A Regex Based Tokenizer for Parsers
This package provides a flexible and efficient tokenizer that utilizes regular expressions to break down text into tokens for parsing. It's primarily designed for use within parsers developed by Porifa, but can be adapted for other parsing tasks as well.
- Regex-based tokenization: Define token patterns using regular expressions for precise control.
- Token types: Assign a unique type to each token for identification and processing.
- Trivia handling: Attach additional data to tokens, such as comments or whitespace, for custom handling.
- Skippable tokens: Specify token types to be ignored during parsing.
- Customizable tokenization logic: Inject custom tokenization logic through a trivia function.

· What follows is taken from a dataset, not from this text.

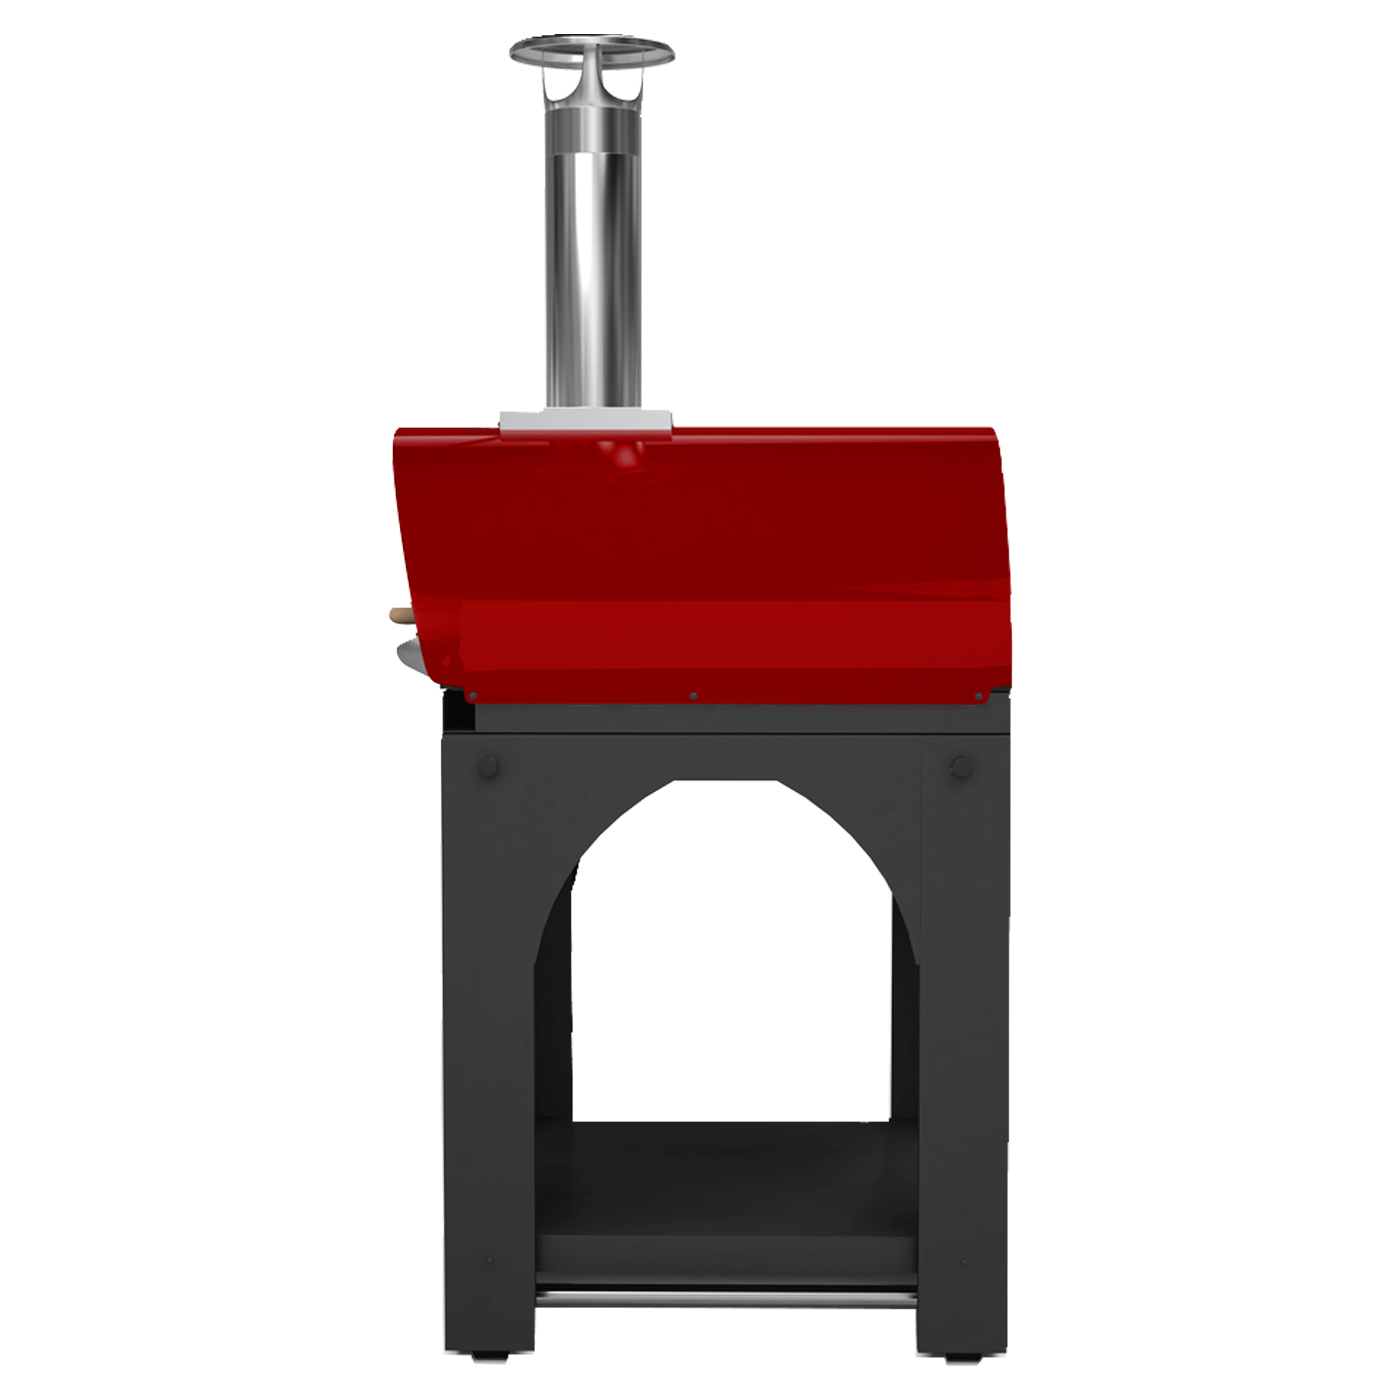 Belforno Piccolo Portable Wood-fired Pizza Oven - Kitchen King Direct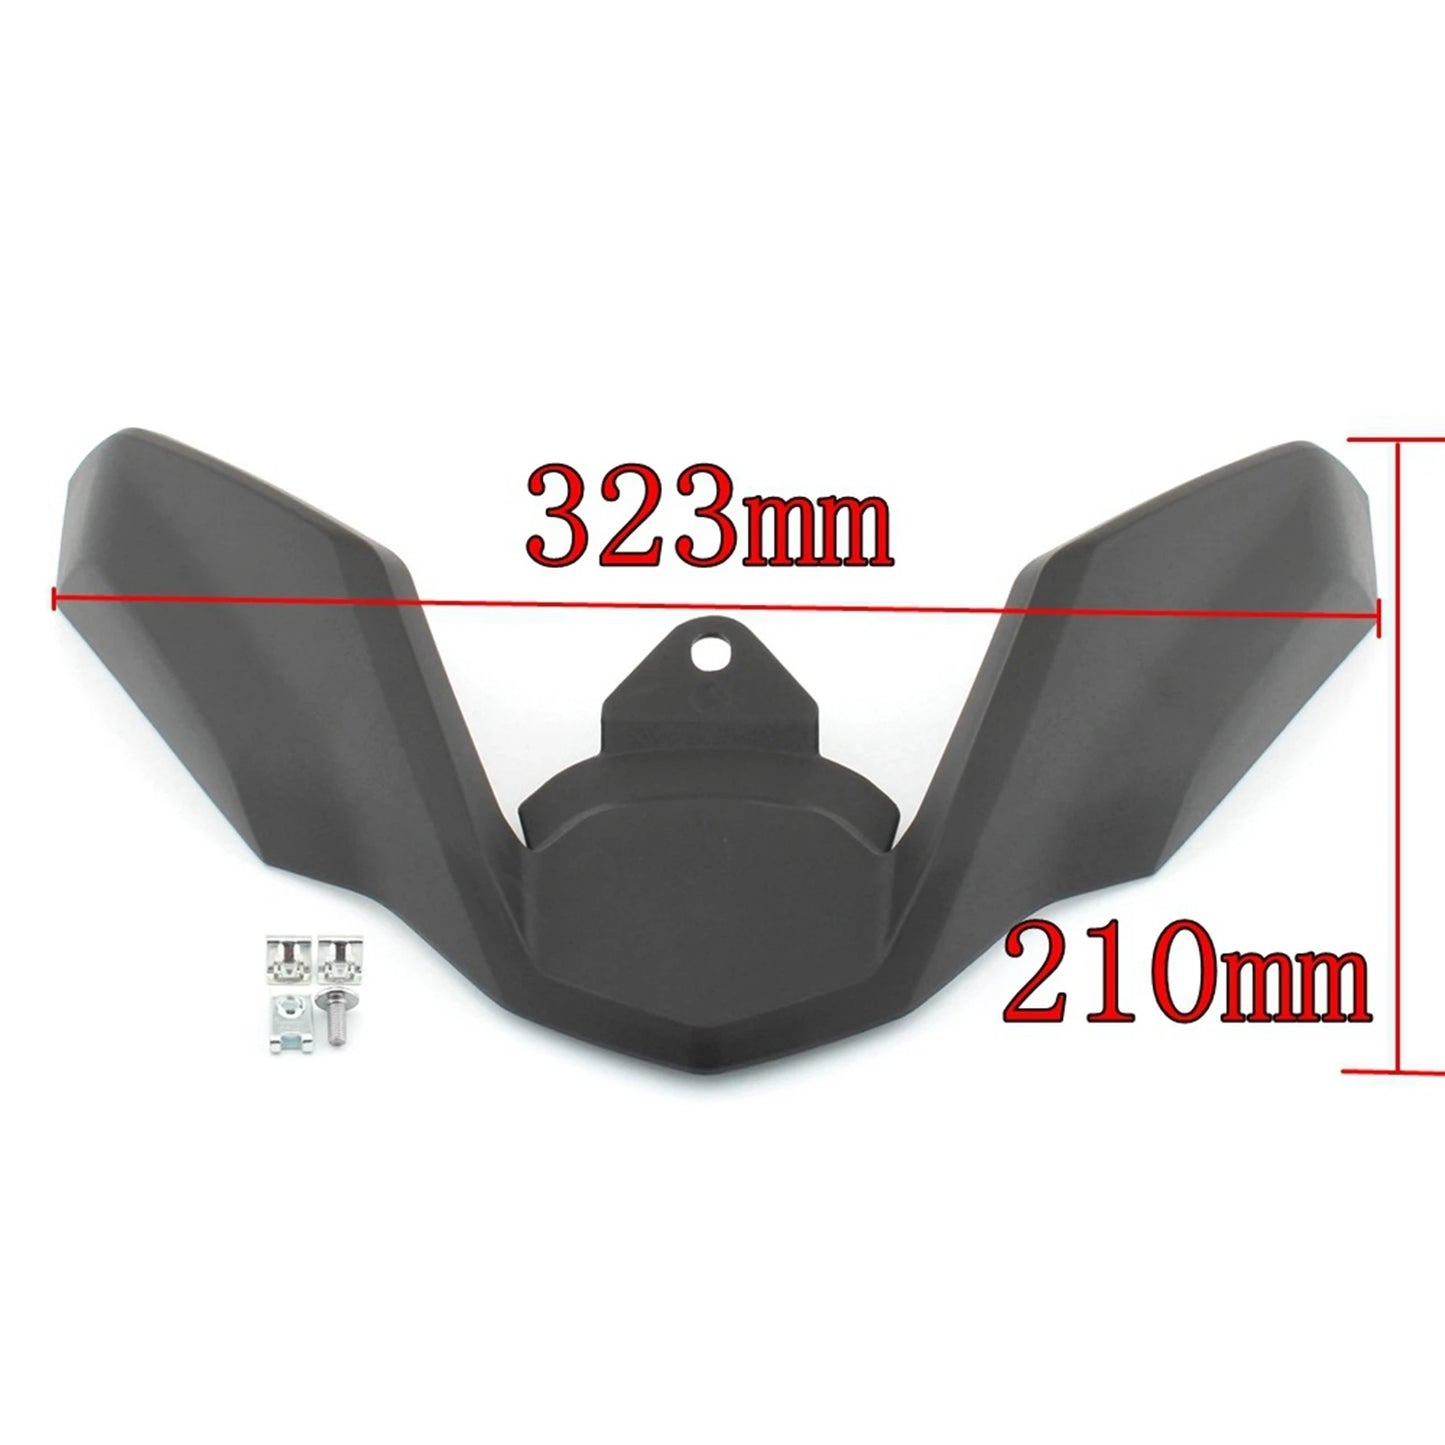 Motorcycle Front Beak Fairing Extension Wheel Extender Cover For BMW R1200GS LC 2018-2019 R1250GS 2019-2021

- EOF handling: Detects the end of the input stream.
- Peeking: Preview upcoming tokens without consuming them.
- Utility functions: Build regular expressions from special characters for convenience.
npm install @porifa/tokenizer
- Import the Tokenizer class:
import { Tokenizer, TokenDefinition } from '@porifa/tokenizer';
- Define token definitions:
enum TokenKind {
EOF = 'eof',
UNRECOGNIZED = 'unrecognized',
WHITESPACE = 'whitespace',
IDENTIFIER = 'identifier',
IF = 'if',
ELSE = 'else',
WHILE = 'while',
FOR = 'for',
SEMICOLON = ',',
}
const keywordMap: Record<string, TokenKind> = {
if: TokenKind.IF,
else: TokenKind.ELSE,
while: TokenKind.WHILE,
for: TokenKind.FOR,
};
const tokenDefinitions: TokenDefinition<TokenKind>[] = [
{ regex: /if|else|while|for/, tokenMap: keywordMap },
{ regex: /[a-zA-Z_][a-zA-Z0-9_]*/, tokenMap: {}, kind: TokenKind.IDENTIFIER },
{ regex: /\s+/, tokenMap: {}, kind: TokenKind.WHITESPACE },
// ... more token definitions
];
- Create a tokenizer instance:
const tokenizer = new Tokenizer<TokenKind, { text: string }>(
tokenDefinitions,
[TokenKind.WHITESPACE],
TokenKind.EOF,
TokenKind.UNRECOGNIZED,
(token, tokenizer) => ({ text: tokenizer.code.substring(token.start, token.start + token.length) })
);
- Provide input code:
tokenizer.setInput(code);
- Iterate through tokens:
while (!tokenizer.isEndOfFile()) {
const token = tokenizer.nextToken();
console.log(token.kind, token.triviaData?.text);
}
- Explore the Token and Tokenizer classes for detailed properties and methods.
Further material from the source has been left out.